What happens if they raise prices? Post-merger, the pressure on pricing is more likely to increase than decrease. Do you have a realistic migration path if that happens?

How long does it take to switch? If your current software took weeks to set up, switching feels expensive. Platforms that configure in the same hour change that math significantly.

The Playlist-EGYM merger is a big industry moment — but it doesn't require an immediate response. Take the time to audit what you're actually spending and compare it against what you actually need.

Sources

[1] TechCrunch — "The Company Behind ClassPass and Mindbody Just Got a Lot Bigger With a $7.5B Merger" (March 2026) [2] Athletech News — "ClassPass, Mindbody, Playlist EGYM Merger $7.5 Billion Deal" [3] FitVizPro — "Mindbody Pricing 2026: Full Cost Breakdown"

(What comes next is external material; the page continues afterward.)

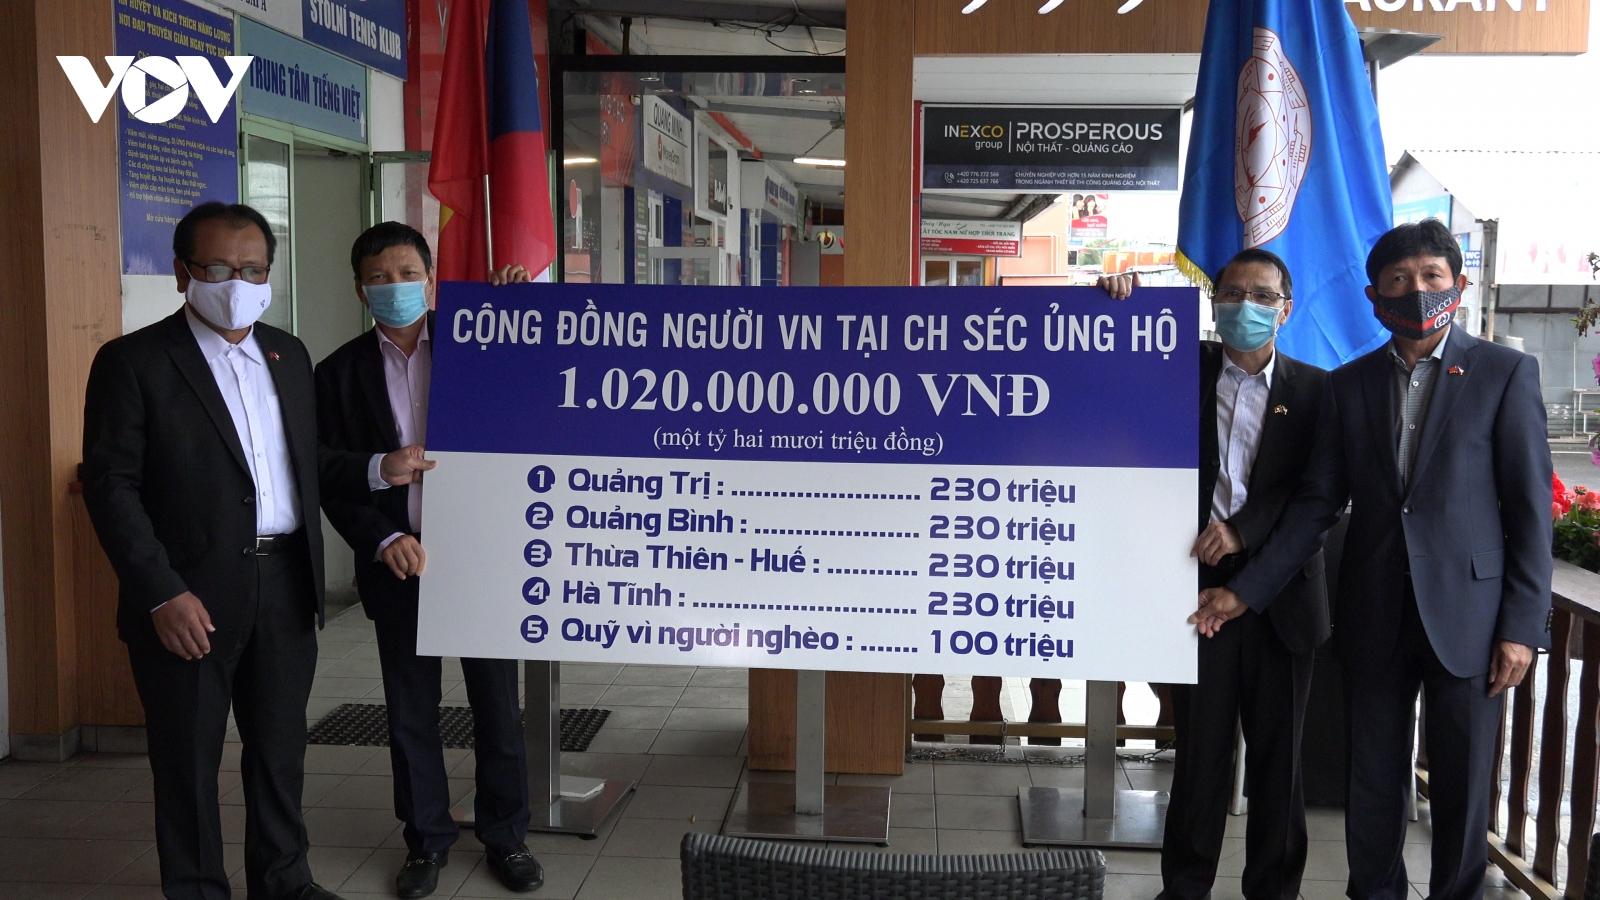 Cộng đồng người Việt tại Séc quyên góp hơn 1 tỷ đồng ủng hộ đồng bào miền Trung

Frequently Asked Questions

Did Mindbody get acquired in 2026?
Not acquired exactly — Mindbody's parent company Playlist merged with EGYM in March 2026, creating a combined entity valued at $7.5 billion. The deal included $785 million in new investment from Affinity Partners, Vista Equity, Temasek, and L Catterton. Mindbody continues to operate as a platform, but is now part of a larger corporate structure alongside ClassPass, Booker, and EGYM's hardware and employer fitness business.
What is Mindbody's pricing in 2026?
As of 2026, Mindbody charges $99/mo for Starter, $259–$279/mo for Accelerate, and $499–$699/mo for Ultimate (with higher-tier custom quotes). Payment processing is 2.99% + $0.30 card-present and 3.60% + $0.30 online. The platform also charges a 20% commission (capped at $30) on bookings made through its consumer app or ClassPass.
What are the best alternatives to Mindbody in 2026?
Orhuk offers a full facility operations platform — bookings, memberships, payments, waivers, staff, and inventory — with a free plan and Pro/Business plans starting at $19.99/mo, no per-booking consumer app commissions, and same-hour setup. Other commonly compared platforms include WellnessLiving, Vagaro, and PushPress, each with different strengths depending on facility type and booking complexity.
What does the Mindbody EGYM merger mean for gym owners?
In the near term, Mindbody operators are unlikely to see immediate changes to their dashboard or pricing. The longer-term implication is that the platform is now part of an enterprise-oriented company — EGYM focuses on corporate wellness and large health club chains — which may influence the product roadmap toward larger clients over time. Operators should review their actual all-in costs and understand their migration options as a precaution.